## [WHAT YOU WILL DO]
Report the lines of the data below that contain the string "Pink".

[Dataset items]

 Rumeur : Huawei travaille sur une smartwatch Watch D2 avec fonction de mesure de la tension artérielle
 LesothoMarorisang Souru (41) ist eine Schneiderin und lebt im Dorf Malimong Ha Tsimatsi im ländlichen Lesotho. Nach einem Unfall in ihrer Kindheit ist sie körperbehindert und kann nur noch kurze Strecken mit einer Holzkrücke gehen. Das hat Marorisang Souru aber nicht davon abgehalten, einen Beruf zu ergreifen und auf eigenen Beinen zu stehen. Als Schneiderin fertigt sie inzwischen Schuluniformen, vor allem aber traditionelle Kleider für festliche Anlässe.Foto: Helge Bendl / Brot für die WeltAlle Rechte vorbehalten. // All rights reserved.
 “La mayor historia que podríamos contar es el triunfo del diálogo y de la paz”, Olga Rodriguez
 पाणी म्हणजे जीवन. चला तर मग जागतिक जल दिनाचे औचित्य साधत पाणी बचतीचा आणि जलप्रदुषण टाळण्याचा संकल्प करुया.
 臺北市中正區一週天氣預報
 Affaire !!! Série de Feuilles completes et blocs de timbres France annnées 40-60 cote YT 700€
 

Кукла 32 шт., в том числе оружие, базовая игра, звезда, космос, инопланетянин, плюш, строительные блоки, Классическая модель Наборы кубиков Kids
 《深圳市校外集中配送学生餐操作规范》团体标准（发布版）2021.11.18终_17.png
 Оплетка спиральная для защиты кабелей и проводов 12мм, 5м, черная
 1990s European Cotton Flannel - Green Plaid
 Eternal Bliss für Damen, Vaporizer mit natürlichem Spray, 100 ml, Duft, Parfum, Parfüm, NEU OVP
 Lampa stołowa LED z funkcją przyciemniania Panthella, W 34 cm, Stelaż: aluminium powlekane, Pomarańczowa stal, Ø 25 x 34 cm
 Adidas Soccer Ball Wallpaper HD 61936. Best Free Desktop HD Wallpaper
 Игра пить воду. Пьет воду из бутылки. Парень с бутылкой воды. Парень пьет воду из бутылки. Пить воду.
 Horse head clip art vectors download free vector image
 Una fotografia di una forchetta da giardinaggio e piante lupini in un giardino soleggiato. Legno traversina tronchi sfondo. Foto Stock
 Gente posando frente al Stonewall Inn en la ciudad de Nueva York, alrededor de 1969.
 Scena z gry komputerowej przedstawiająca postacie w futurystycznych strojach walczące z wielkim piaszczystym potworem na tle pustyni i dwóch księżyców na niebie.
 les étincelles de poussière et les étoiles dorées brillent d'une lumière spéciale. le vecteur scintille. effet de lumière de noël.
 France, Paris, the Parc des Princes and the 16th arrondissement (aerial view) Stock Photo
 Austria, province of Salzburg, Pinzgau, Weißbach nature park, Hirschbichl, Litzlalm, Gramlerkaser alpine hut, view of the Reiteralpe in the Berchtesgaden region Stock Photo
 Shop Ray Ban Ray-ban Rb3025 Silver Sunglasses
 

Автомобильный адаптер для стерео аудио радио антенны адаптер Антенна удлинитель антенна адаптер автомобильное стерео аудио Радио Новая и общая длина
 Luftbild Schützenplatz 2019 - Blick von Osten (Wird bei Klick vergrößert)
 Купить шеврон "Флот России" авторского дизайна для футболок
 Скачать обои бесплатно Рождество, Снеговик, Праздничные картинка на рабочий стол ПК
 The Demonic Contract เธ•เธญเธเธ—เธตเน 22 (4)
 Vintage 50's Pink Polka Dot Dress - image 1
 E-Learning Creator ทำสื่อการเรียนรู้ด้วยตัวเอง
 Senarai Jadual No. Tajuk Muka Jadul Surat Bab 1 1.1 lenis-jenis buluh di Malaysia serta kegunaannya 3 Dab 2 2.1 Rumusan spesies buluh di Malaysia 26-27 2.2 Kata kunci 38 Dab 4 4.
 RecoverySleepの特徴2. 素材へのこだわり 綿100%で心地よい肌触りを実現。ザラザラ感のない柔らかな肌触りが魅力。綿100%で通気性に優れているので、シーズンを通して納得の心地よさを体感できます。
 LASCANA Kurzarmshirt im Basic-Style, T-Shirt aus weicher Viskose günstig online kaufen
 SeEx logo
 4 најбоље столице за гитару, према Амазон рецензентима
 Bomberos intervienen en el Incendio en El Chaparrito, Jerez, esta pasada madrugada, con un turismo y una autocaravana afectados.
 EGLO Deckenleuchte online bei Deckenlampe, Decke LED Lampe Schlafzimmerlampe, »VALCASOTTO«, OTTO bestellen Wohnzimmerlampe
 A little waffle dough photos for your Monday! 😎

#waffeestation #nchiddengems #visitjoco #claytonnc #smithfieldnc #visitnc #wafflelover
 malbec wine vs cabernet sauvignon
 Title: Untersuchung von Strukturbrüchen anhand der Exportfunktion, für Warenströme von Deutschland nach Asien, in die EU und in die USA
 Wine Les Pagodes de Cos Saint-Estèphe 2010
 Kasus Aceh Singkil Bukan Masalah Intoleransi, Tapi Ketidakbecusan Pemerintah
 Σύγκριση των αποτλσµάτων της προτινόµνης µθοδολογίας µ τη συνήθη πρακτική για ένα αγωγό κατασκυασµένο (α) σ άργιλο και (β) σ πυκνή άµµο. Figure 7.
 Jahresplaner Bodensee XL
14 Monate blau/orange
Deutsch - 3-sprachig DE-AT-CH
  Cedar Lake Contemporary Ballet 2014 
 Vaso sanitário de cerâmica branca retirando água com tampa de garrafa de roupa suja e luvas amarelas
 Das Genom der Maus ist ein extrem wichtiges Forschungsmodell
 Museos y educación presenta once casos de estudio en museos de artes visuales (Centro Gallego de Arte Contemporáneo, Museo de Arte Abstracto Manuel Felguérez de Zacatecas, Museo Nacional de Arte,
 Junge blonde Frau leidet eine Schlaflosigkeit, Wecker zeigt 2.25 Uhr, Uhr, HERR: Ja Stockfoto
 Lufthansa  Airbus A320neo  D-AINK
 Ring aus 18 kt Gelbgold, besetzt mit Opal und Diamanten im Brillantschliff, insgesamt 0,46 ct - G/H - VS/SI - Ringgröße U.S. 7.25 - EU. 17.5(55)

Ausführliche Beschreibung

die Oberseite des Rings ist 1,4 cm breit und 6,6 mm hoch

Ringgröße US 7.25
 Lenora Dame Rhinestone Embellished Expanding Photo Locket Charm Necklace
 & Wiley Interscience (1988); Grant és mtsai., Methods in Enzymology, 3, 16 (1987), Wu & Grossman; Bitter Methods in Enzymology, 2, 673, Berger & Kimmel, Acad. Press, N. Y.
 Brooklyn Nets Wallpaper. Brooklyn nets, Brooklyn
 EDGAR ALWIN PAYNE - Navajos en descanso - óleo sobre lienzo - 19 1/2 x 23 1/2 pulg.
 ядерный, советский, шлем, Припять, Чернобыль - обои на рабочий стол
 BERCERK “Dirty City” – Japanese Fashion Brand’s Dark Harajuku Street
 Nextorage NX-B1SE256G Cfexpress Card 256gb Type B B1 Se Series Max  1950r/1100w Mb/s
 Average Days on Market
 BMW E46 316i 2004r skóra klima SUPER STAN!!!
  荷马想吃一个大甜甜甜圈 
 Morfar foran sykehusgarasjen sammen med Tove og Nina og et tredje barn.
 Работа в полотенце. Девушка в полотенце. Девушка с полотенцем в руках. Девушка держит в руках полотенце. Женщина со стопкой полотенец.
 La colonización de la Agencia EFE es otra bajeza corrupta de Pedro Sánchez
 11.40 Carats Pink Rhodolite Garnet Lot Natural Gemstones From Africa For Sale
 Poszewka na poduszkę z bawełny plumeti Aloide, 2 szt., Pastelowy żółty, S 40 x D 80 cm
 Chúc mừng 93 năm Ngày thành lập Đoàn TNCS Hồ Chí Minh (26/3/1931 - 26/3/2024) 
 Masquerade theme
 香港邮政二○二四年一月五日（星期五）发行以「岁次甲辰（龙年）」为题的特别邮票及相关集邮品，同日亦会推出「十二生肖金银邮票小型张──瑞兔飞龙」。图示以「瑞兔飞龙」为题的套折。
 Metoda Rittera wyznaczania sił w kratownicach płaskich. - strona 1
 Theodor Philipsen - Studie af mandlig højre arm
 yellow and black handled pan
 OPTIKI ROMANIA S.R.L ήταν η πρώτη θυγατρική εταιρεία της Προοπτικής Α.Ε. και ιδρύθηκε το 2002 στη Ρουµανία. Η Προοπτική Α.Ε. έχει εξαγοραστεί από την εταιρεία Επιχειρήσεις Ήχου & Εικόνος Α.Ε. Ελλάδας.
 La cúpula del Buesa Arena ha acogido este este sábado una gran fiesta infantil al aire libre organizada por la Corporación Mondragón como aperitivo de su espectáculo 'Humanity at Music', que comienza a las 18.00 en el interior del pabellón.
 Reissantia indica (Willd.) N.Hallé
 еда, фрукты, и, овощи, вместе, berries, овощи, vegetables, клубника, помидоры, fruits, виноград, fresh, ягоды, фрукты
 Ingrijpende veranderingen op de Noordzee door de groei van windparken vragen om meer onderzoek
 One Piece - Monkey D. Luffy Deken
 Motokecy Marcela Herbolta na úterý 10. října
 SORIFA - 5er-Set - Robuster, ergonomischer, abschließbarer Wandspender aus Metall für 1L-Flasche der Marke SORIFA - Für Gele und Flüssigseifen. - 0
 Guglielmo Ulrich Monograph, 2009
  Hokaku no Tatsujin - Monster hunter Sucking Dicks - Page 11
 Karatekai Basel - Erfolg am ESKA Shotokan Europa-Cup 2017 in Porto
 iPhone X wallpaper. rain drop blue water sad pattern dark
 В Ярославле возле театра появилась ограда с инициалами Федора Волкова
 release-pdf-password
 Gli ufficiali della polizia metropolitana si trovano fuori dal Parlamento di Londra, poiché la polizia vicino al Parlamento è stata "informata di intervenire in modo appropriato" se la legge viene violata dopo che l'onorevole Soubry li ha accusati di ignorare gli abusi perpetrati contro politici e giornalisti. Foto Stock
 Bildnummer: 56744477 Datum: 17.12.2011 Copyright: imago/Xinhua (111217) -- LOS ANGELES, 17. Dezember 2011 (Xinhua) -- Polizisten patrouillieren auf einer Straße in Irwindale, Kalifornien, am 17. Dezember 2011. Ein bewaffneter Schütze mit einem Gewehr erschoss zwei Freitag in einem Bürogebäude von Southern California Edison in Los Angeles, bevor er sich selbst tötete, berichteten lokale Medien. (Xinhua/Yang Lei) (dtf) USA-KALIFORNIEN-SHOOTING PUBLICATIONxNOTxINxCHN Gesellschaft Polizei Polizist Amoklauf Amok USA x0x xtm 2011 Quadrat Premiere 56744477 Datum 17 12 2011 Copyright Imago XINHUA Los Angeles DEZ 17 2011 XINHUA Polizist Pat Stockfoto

## [ANSWER FOR THE TASK]
 Vintage 50's Pink Polka Dot Dress - image 1
 11.40 Carats Pink Rhodolite Garnet Lot Natural Gemstones From Africa For Sale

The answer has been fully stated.